**WORK ITEM**
The reply should consist solely of the lines from the one that holds "The Japanese Garden" through the last line of the material, reproduced exactly; no pictures belong in it.

(Beginning of RECORDED INFORMATION)

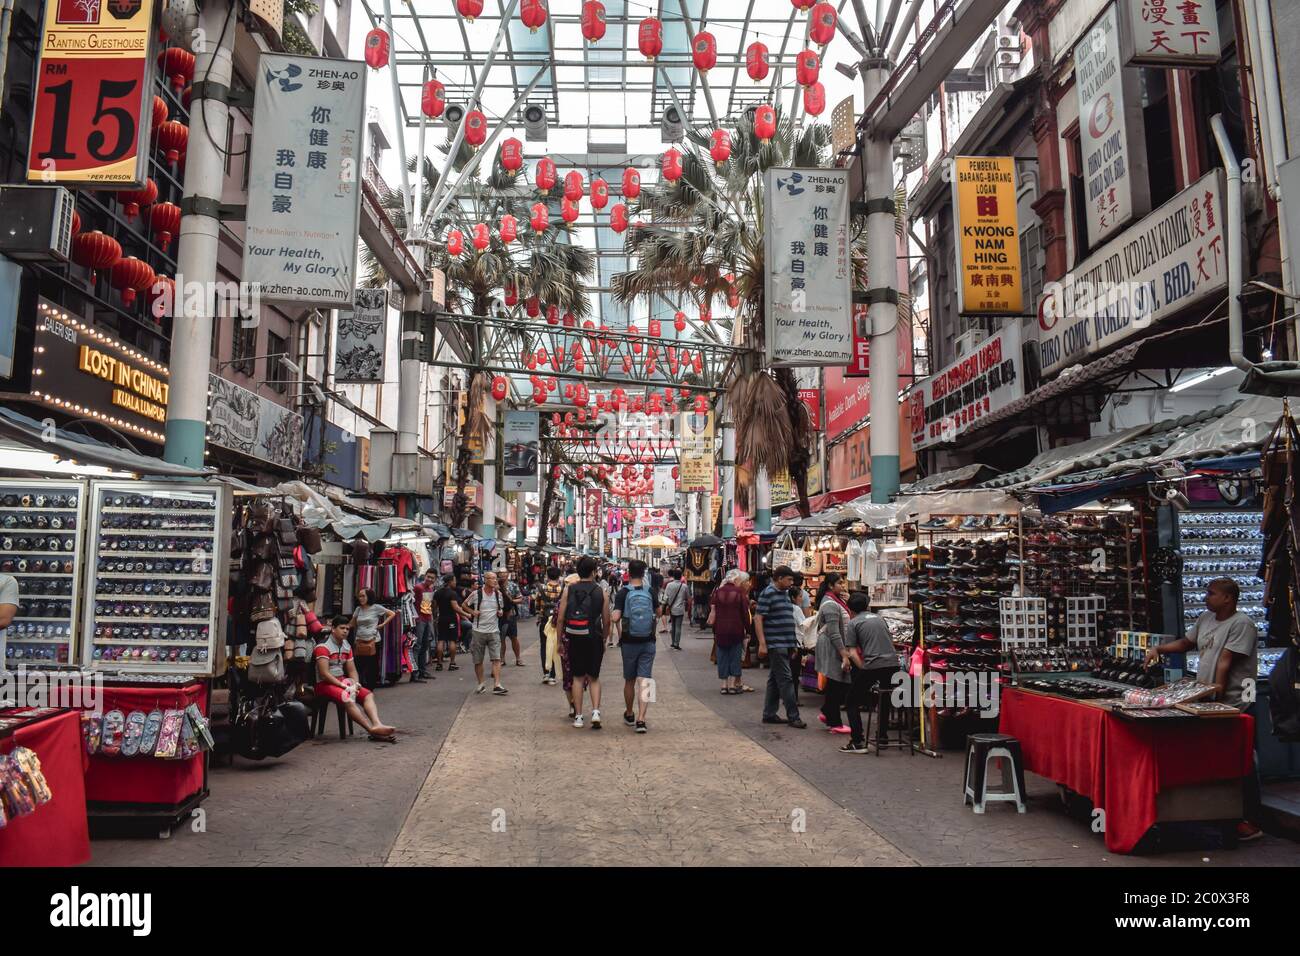 People walking on a Street Market in Petaling street in Chinese town in Kuala Lumpur Malaysia Stock Photo
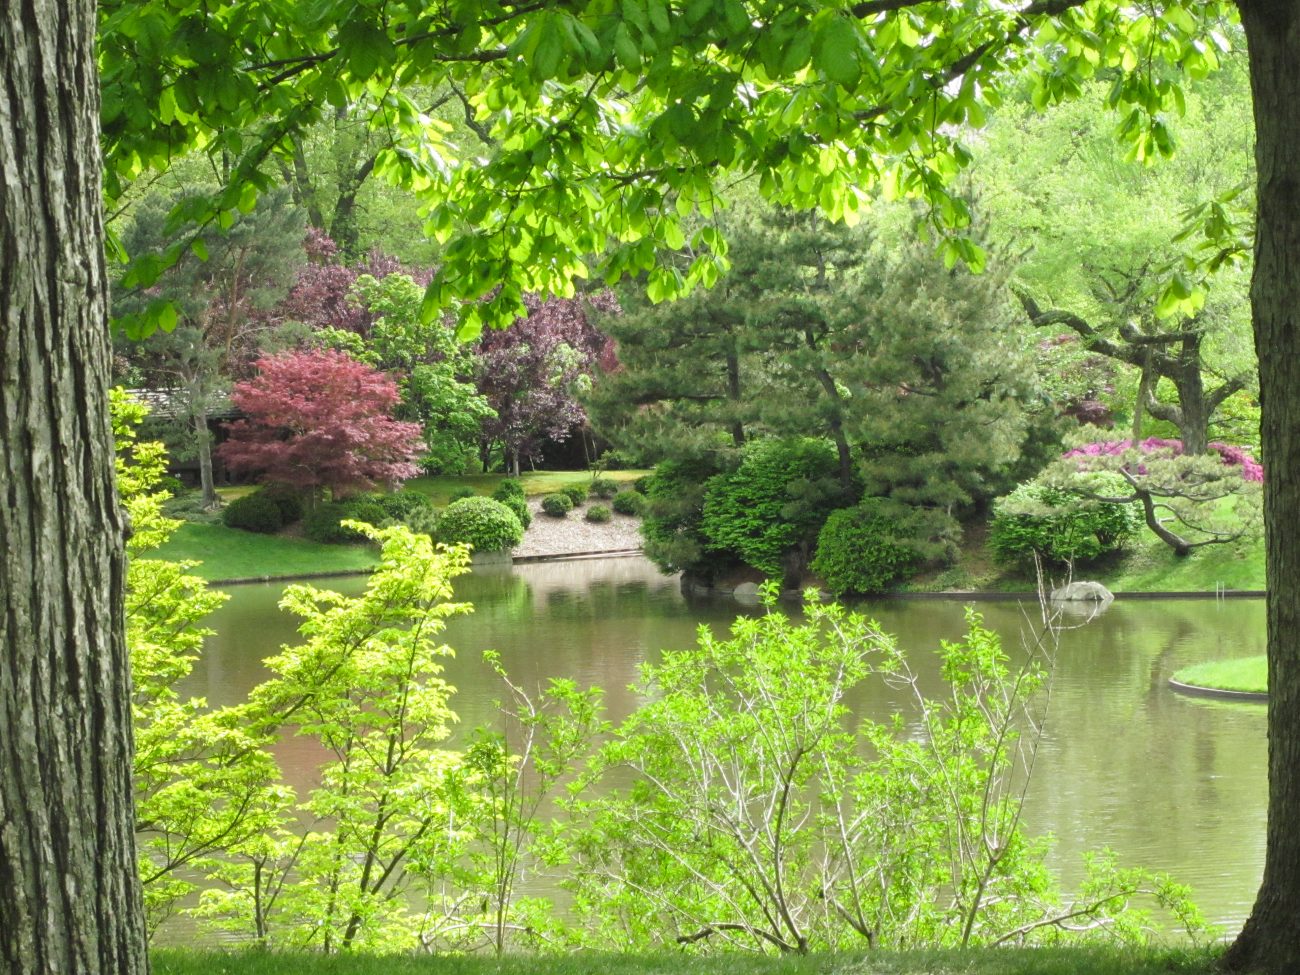 The Japanese Garden at the Missouri Botanical Garden
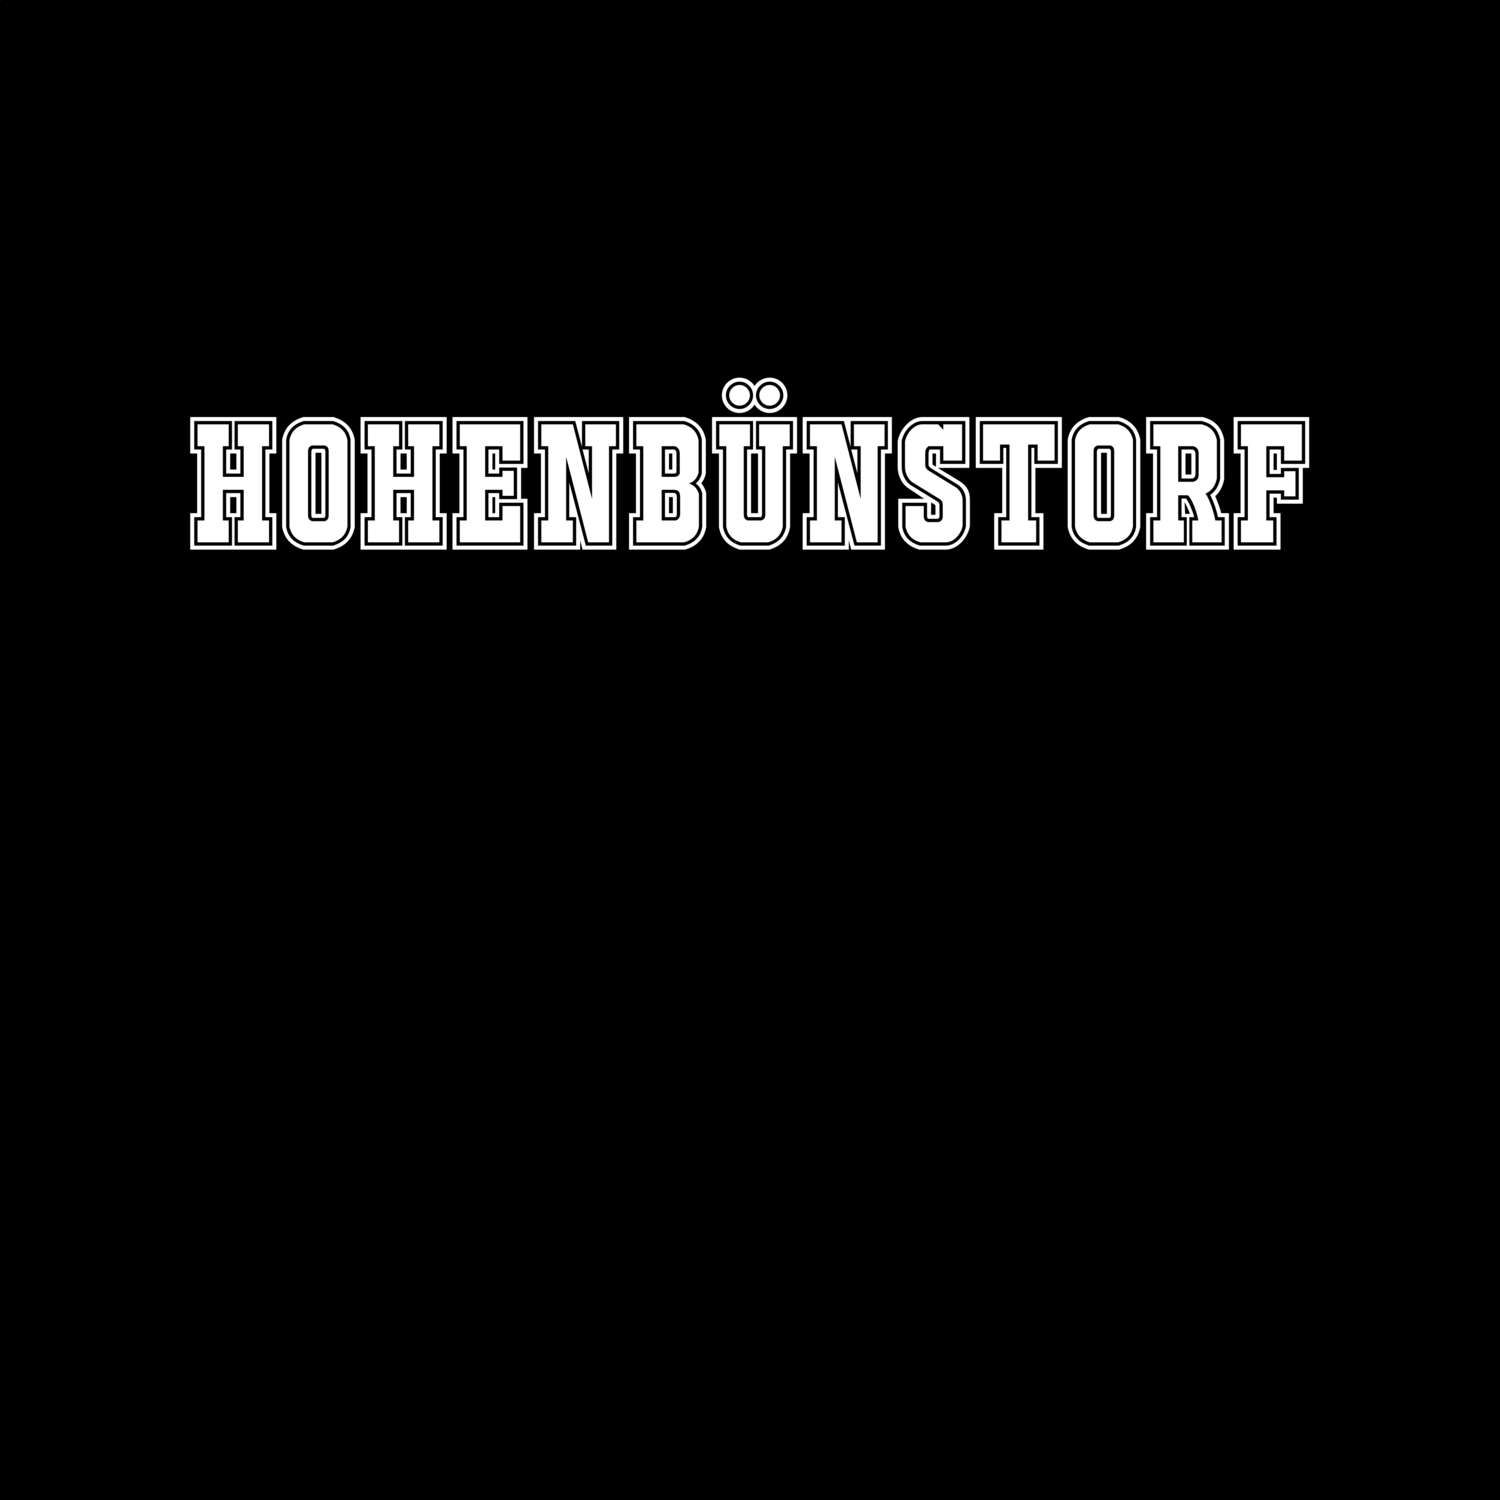 Hohenbünstorf T-Shirt »Classic«

(End of RECORDED INFORMATION)

**ANSWER TO THE PROBLEM**
 The Japanese Garden at the Missouri Botanical Garden
 Hohenbünstorf T-Shirt »Classic«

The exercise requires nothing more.